Backed largely by institutional investors, algo trading constitute 46% of the total volume on the National Stock Exchange (NSE) and over 30% on the Bombay Stock Exchange (BSE). We are still way behind markets in the US and Europe in which Algo trades constitute 75-80% and nearly 60% of the total trading volumes respectively. If Indian markets stay fundamentally strong to attract global capital over the next five years, we can see the proportion of algo trades equaling that of the US in the next five years.
7. Many people are not aware about the existence of this form of trading. What has been the response that you got when you set up your company? What is the response now?
Obsolescence, thanks to legacy systems, is what characterizes market trading platforms here in India. The retail trading community in India is guided by the principle of profitability. With awareness of platforms that would leverage the benefits of superior technology and data analytics to enable them to make better trading decisions, leading to greater profitability, we are optimistic that algo trading would see greater adoption. Given that it requires quantitative as well as technical acumen, at present its appetite is restricted to a niche segment of retail investors comprising IITians and other techies. Largely, proprietary traders, investment banks and financial institutions such as brokerage firms constitute a major proportion of our user base. The very fact that we are facilitating over $10 billion worth of daily trades is a vindication of the user adoption of our products from China to Chile.

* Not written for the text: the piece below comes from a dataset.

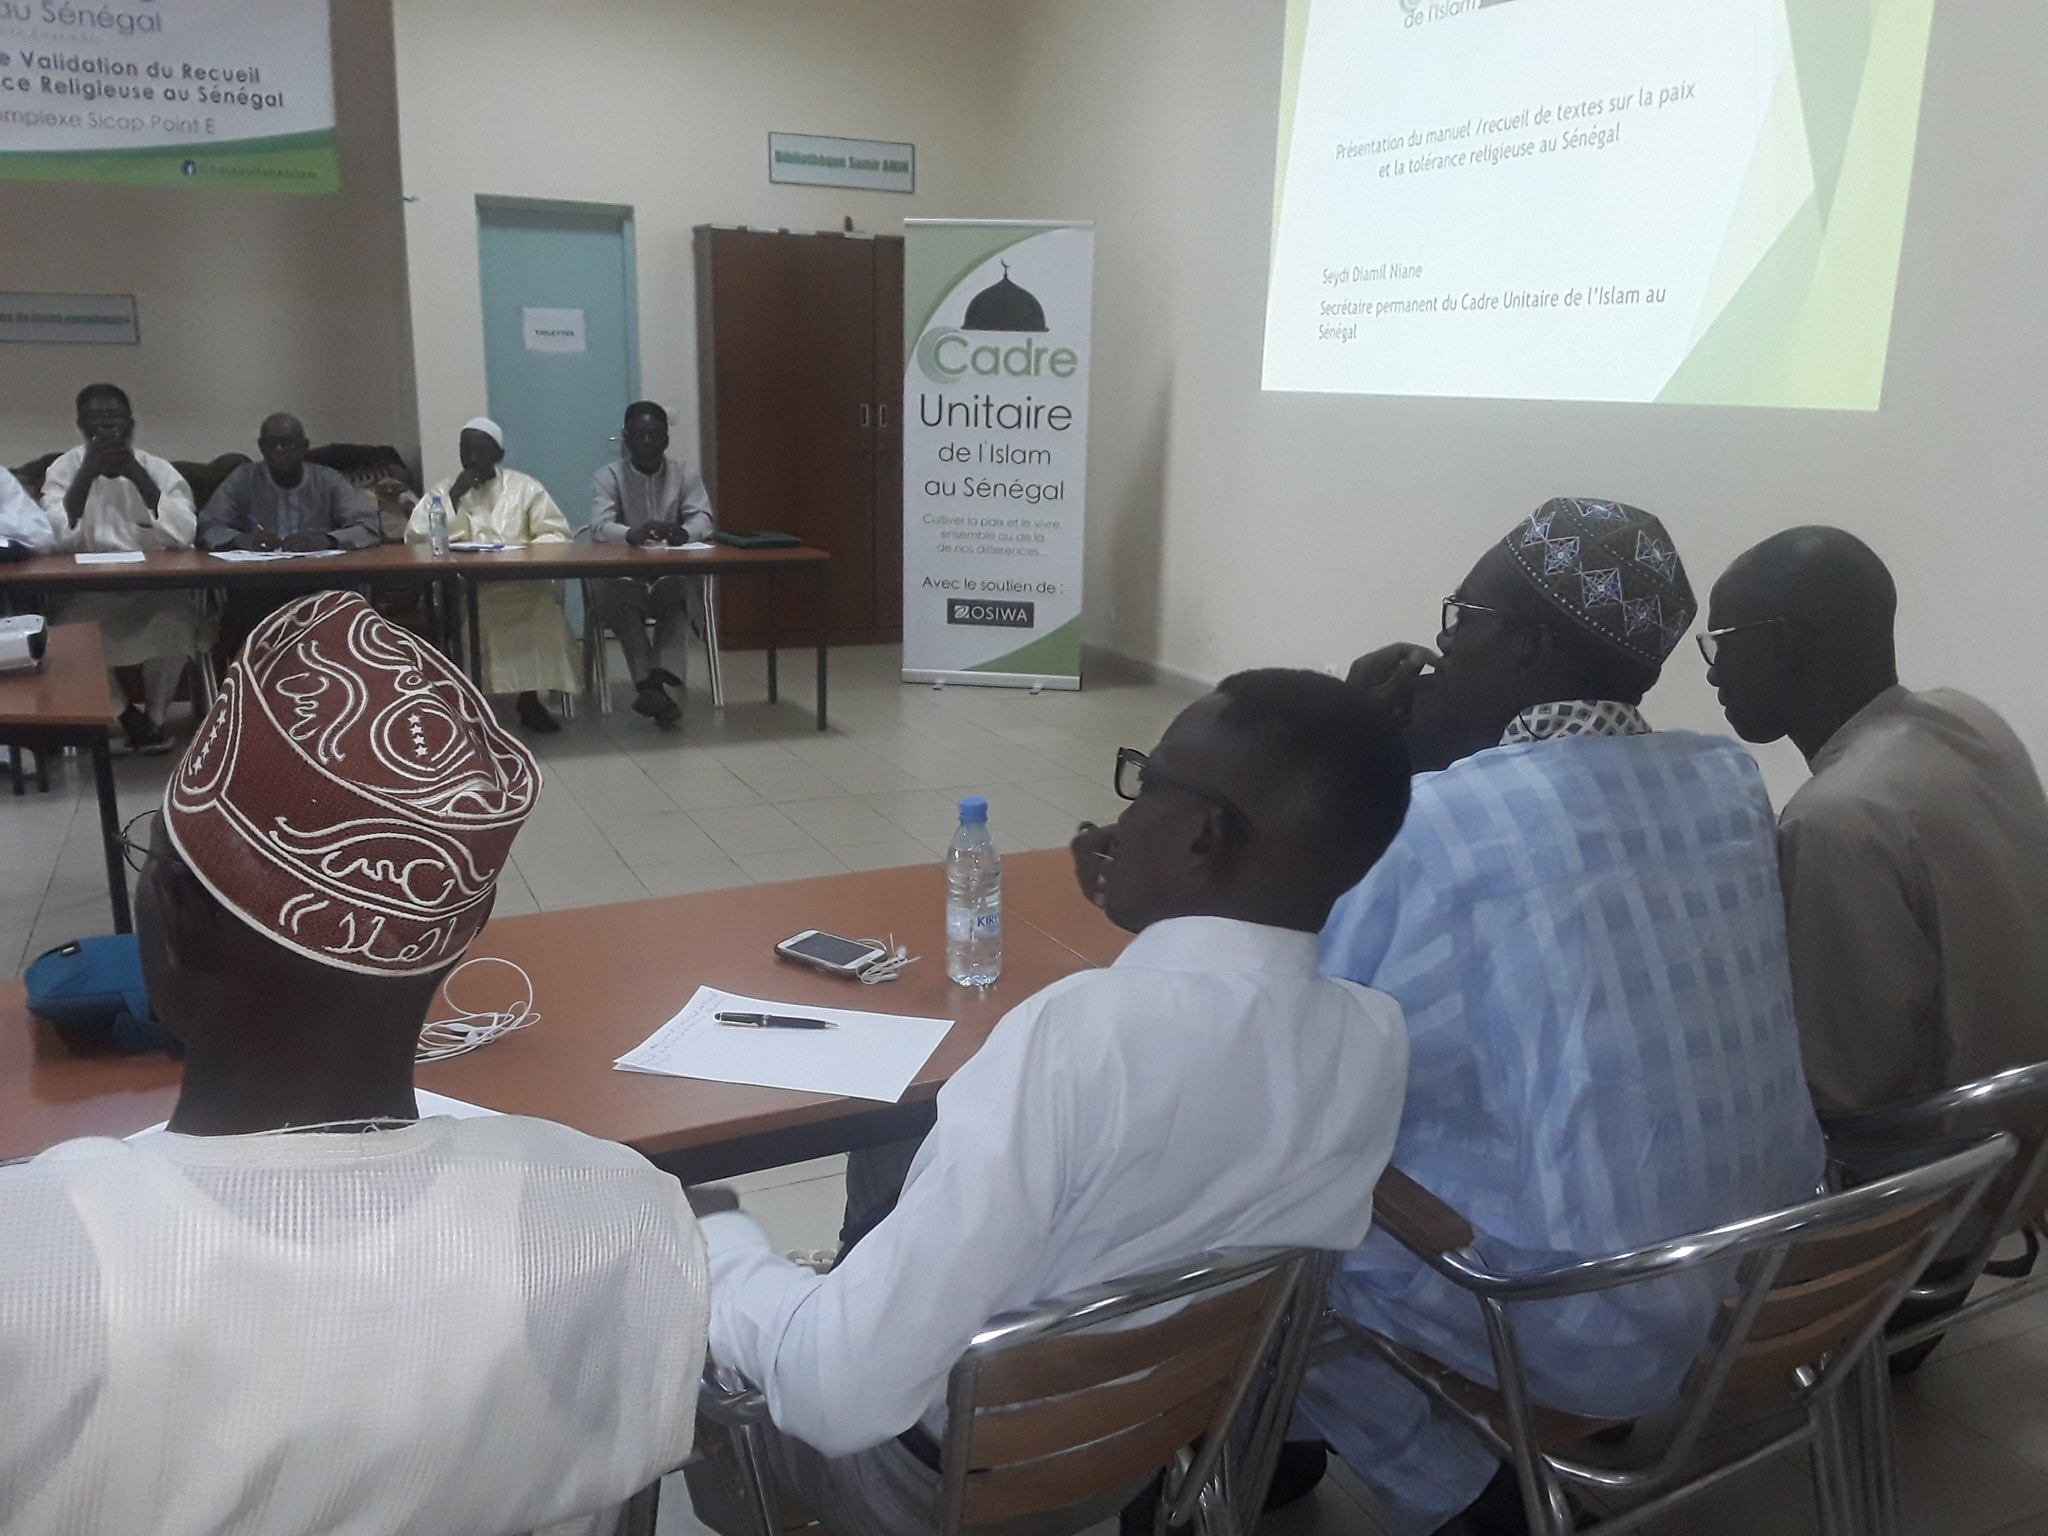 EN IMAGES - Séminaire de production et de validation du Recueil/Manuel  sur la paix et la tolérance religieuse au Sénégal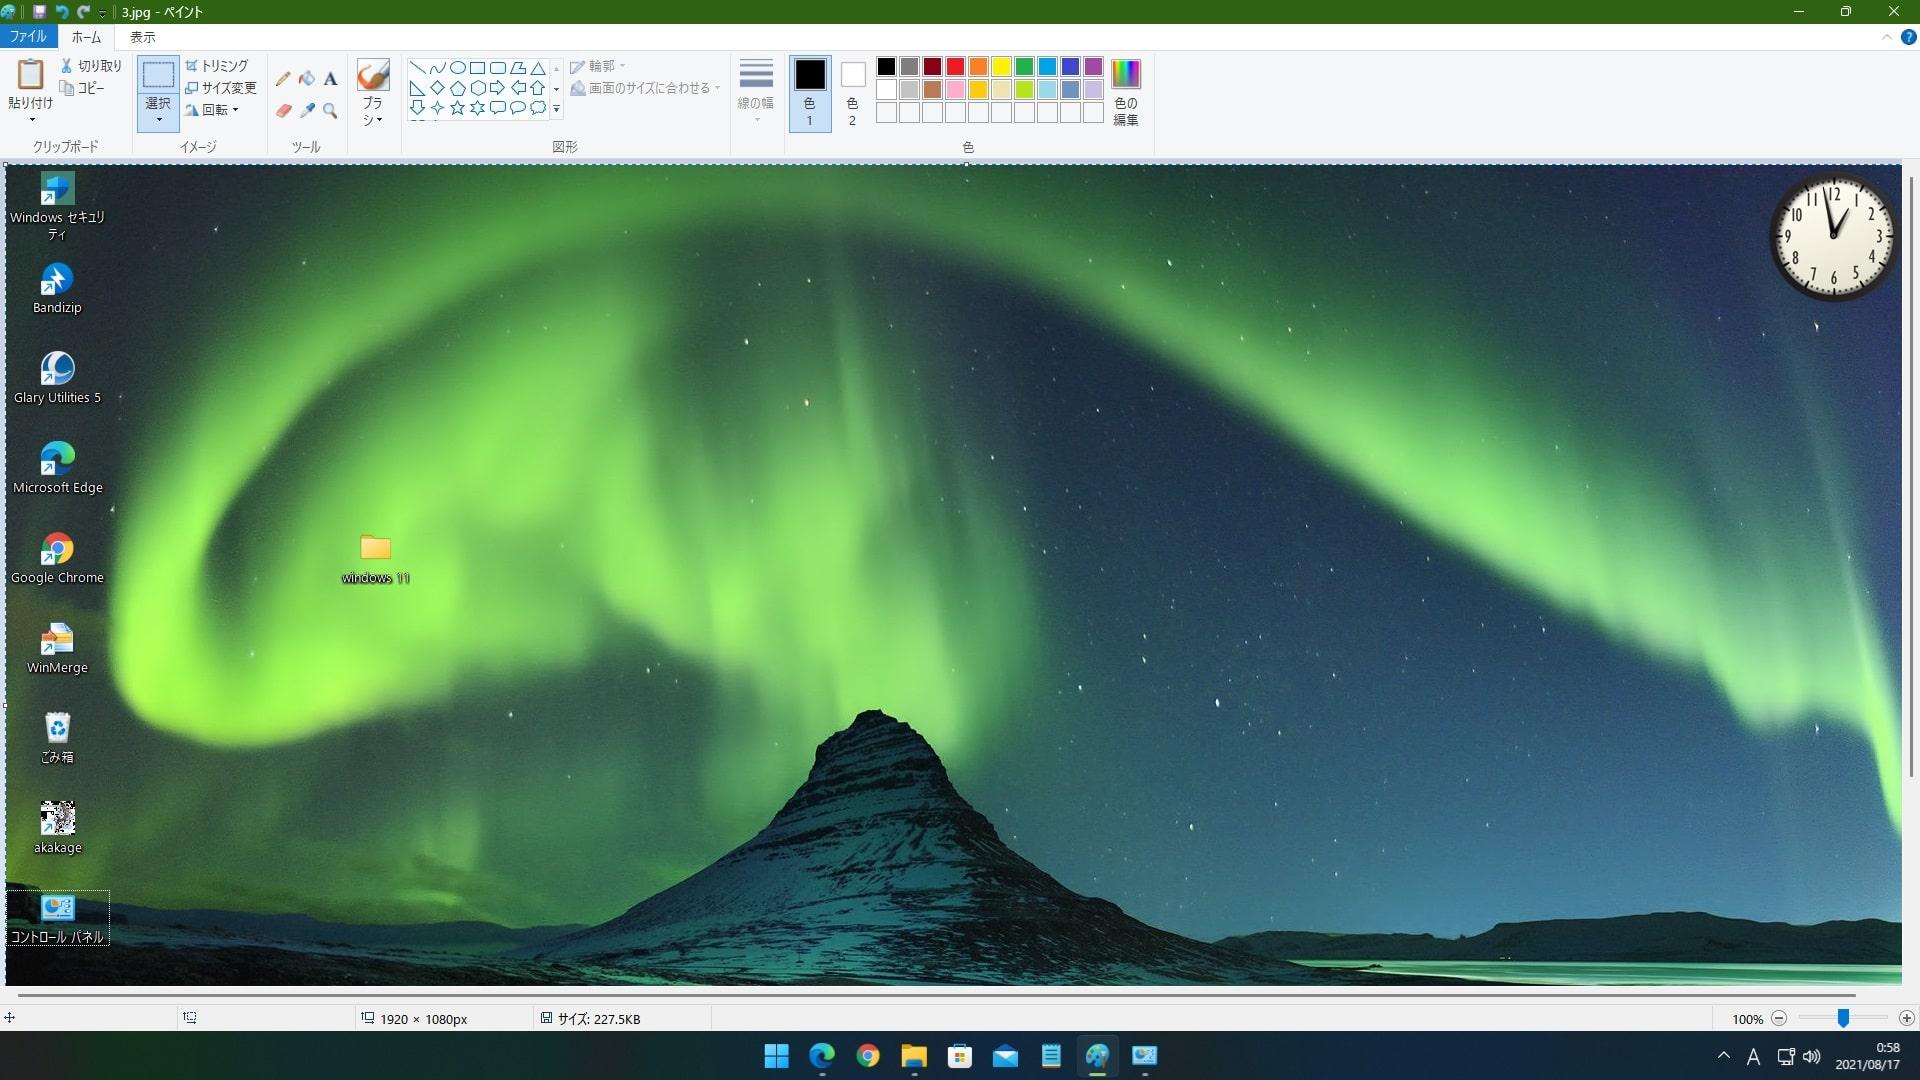 デスクトップ画面全体をスクリーンショットとしてクリップボードに保存した画像

8. Who are the core people you hire for this business and what are their main skills? Where do you hire from?
Being a fintech company that develops trading platforms which facilitate online trading for retail brokers, algo trading for prop traders and institutional investors and data analytics, the skills we seek in our potential recruits include a strong domain knowledge of the functioning of the financial markets along with software development skills. It is a combination of skills that is pretty rare to find. We hire from B-Schools and Engineering schools which have such talent – software engineers who go on to specialize in Finance.
"The main risk is the algorithms can misfire trades which were not intended as part of the logic."
9. How developed is the eco-system right now? Do you think Indian bourses will keep up in pace with more developed financial markets in adopting technologies such as high-speed trading?
The fintech space catering to the financial markets is highly fragmented and while you have many established IT behemoths also in the fray, it is players who are fleet footed, innovative, technologically superior and primed to cater to customer needs who would win market share. Indian bourses have grown fairly comprehensively over the last two decades to feature in top 7 exchanges worldwide (in terms of number of trades done on an exchange). We believe that in order to continue to attract global capital and stay competitive, they have to ramp up their technology. More than 80% of the Indian institutional trading flow (from both FIIs and Domestic Fund Managers) goes through algorithmic execution currently. The National Stock Exchange (NSE) has witnessed a 25% increase in active investors. While Retail participation stands at 2 crores (up 38% YoY), Institutional participation surged to a new high of $310 billion in FY'15 (up 56% YoY) with 465 FIIs invested in Indian markets.
10. What are the pitfalls of algorithmic trading?
Algo trading, albeit its benefits of market making, greater liquidity, efficient price discovery and efficient order execution, comes with its own share of risks. The main risk is the algorithms can misfire trades which were not intended as part of the logic. Hence, Algo traders need to accord priority to risk management by mitigating and managing risk first, and then focusing on profits. To avoid market crashes, they must observe sound Risk Management System (RMS) checks such as back testing algos against extreme events, kill switches (for cancelling all trades when things go wrong), enforcing compliance and tracking patterns that may lead to systemic risks.